SQL> select distinct ten from DEMO where num between 500000 and 600000; ... 10 rows selected.I get different figures now:
SQL> select name,value from v$mystat join v$statname using(statistic#) where ( name like 'IM%row%' or name like 'IM%block%' ) and value>0; NAME VALUE ---------------------- ---------- IM scan rows 6000000 +2000000 IM scan rows valid 4561354 +561354 IM scan rows optimized 1438646 +1438646 IM scan rows projected 2000050 +10 IM scan CUs pruned 3 +3 IM scan segments minmax 4 +4The 2 millions rows are split among ‘valid’ and ‘optimized’. Thanks to the minimum and maximum values stored for each IMCU, pruning has occurred. Only the second IMCU has been scanned and filtered because it’s the only one that can contain values from 500000 to 600000. It contains 561354 rows and this is what is counted as ‘valid’ rows where filtering has to be done. Pruning has saved the processing of the 1438646 rows that are in the other IMCU because we are sure they do not verify the predicate. If you look at the projected rows, there are only 10 because it’s the number of distinct values coming from the only one IMCU processed.
The ‘minmax’ optimization has been used on the 4 IMCUs and 3 of them have been ‘pruned’. This is the ‘no mail’ flag on the mailbox icon in my slides: you know that there is no mail without having to open the mail box.
Now running the query with a larger range that spans three IMCUs.
SQL> select distinct ten from DEMO where num between 500000 and 2000000; ... 10 rows selected.From what we have seen above, only the 1st IMCUs can be pruned now:
SQL> select name,value from v$mystat join v$statname using(statistic#) where ( name like 'IM%row%' or name like 'IM%block%' ) and value>0; NAME VALUE ---------------------- ---------- IM scan rows 8000000 +2000000 IM scan rows valid 6070275 +1508921 IM scan rows optimized 1929725 +491079 IM scan rows projected 2000080 +30 IM scan CUs optimized read 2 +2 IM scan CUs pruned 4 +1 IM scan segments minmax 8 +4We have scanned 3 IMCU here, totalizing 561354+524160+423407=1508921 rows and we saved the scan of the 1st IMCU (491079 rows). We did projection on the 3 IMCUs which return 10 rows each. The 4 IMCUs have been considered for ‘minmax’ and only one has been pruned.

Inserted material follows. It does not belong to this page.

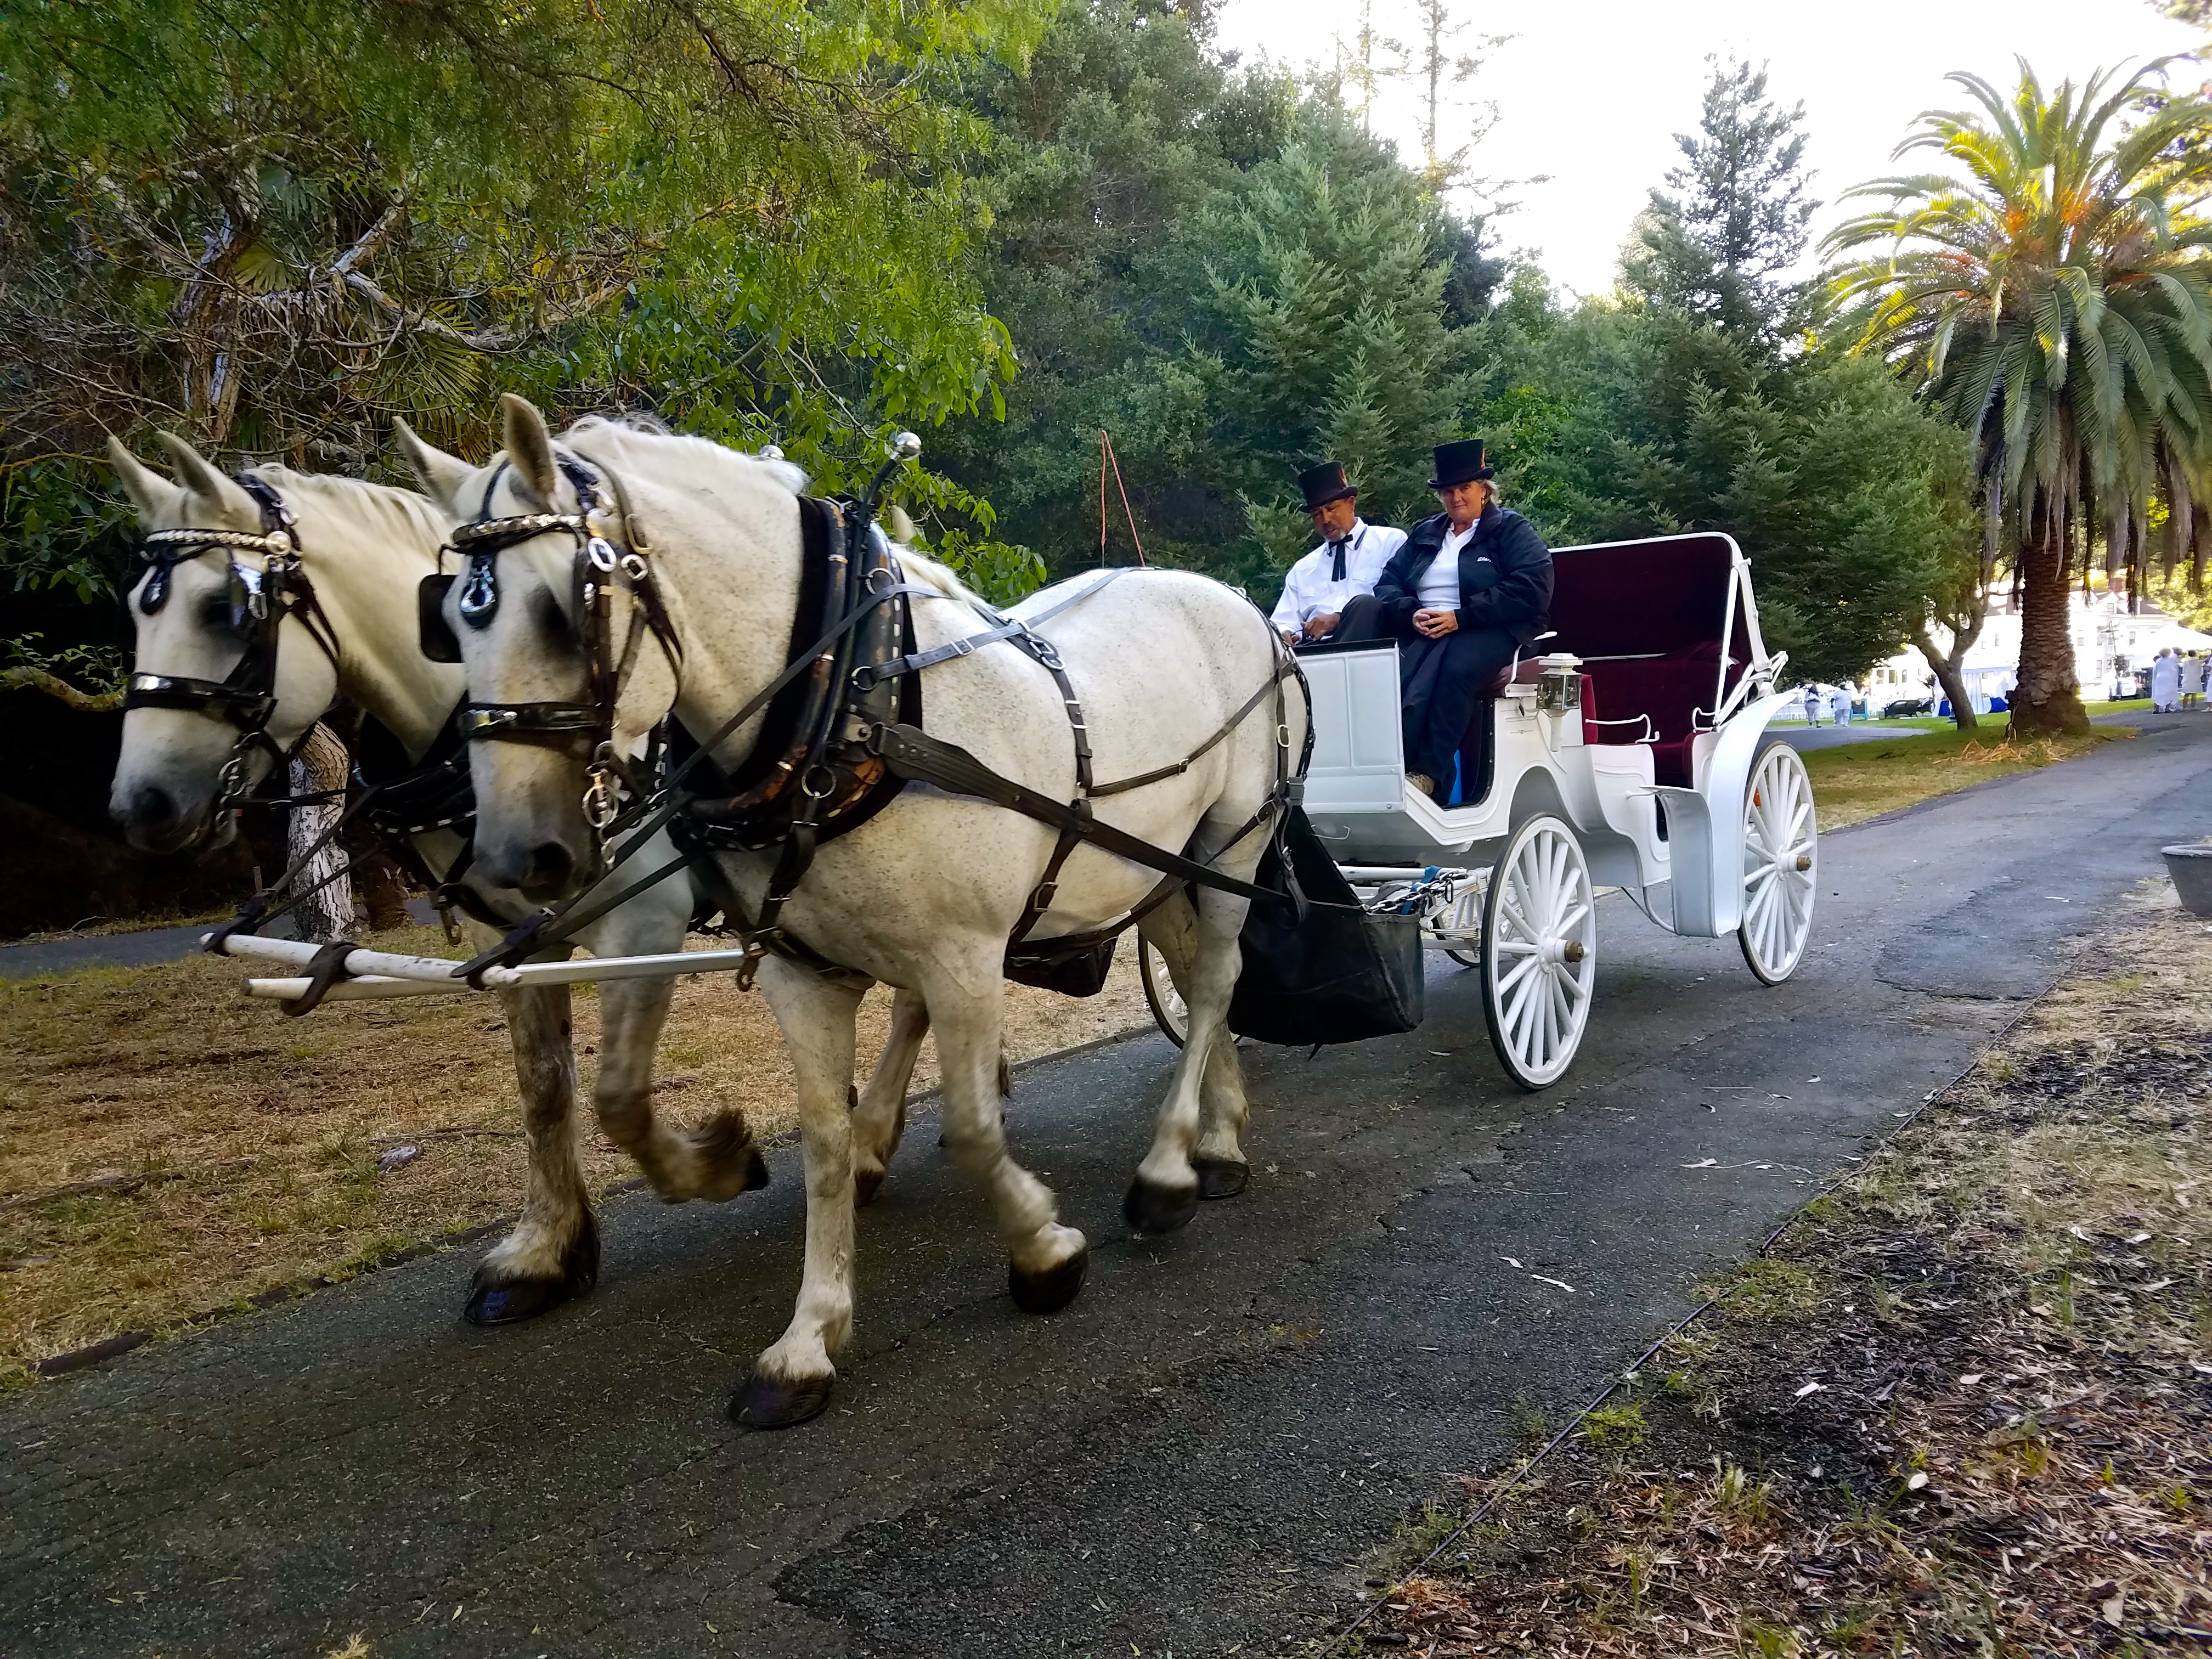 Horse-drawn carriage rides right along side our stage at the Dunsmuir Hellman Historic Estate in Oakland last Saturday night

But there is more here. ‘IM scan CUs optimized read’ appeared here. The filter scan is done to get the vector of rows that match the predicate. But from min/max we know that the 3rd and 4th IMCUs have all rows matching because both their min and max are between 500000 and 2000000. This is filter skipping, accounted with ‘IM scan CUs optimized read’
If you look above at the V$IM_COL_CU view we have not only the minimum and maximum value. We have the number of dictionary entries which looks like the number of distinct values. Why is it called like that? Because the distinct values are stored in a dictionary. A guess is that it can be used for dictionary encryption (each value is replaced by a number which is the position of that data item in a dictionary).
But for sure, if that dictionary covers all possible values, then some equality filtering can be done from there. Let’s look if we can do IMCU pruning for a query that select no rows:
SQL> select distinct ten from DEMO where where ten=10; ... no rows selected.
SQL> select name,value from v$mystat join v$statname using(statistic#) where ( name like 'IM%row%' or name like 'IM%block%' ) and value>0; NAME VALUE ---------------------- ---------- IM scan rows 10000000 +2000000 IM scan rows valid 8070275 +2000000 IM scan rows optimized 1929725 IM scan rows projected 2000080 IM scan CUs pruned 8 +4 IM scan segments minmax 12 +4
The 4 IMCUs were candidate for ‘minmax’ but no pruning occured. From those statistics, it seems that the dictionary entries are not used for pruning.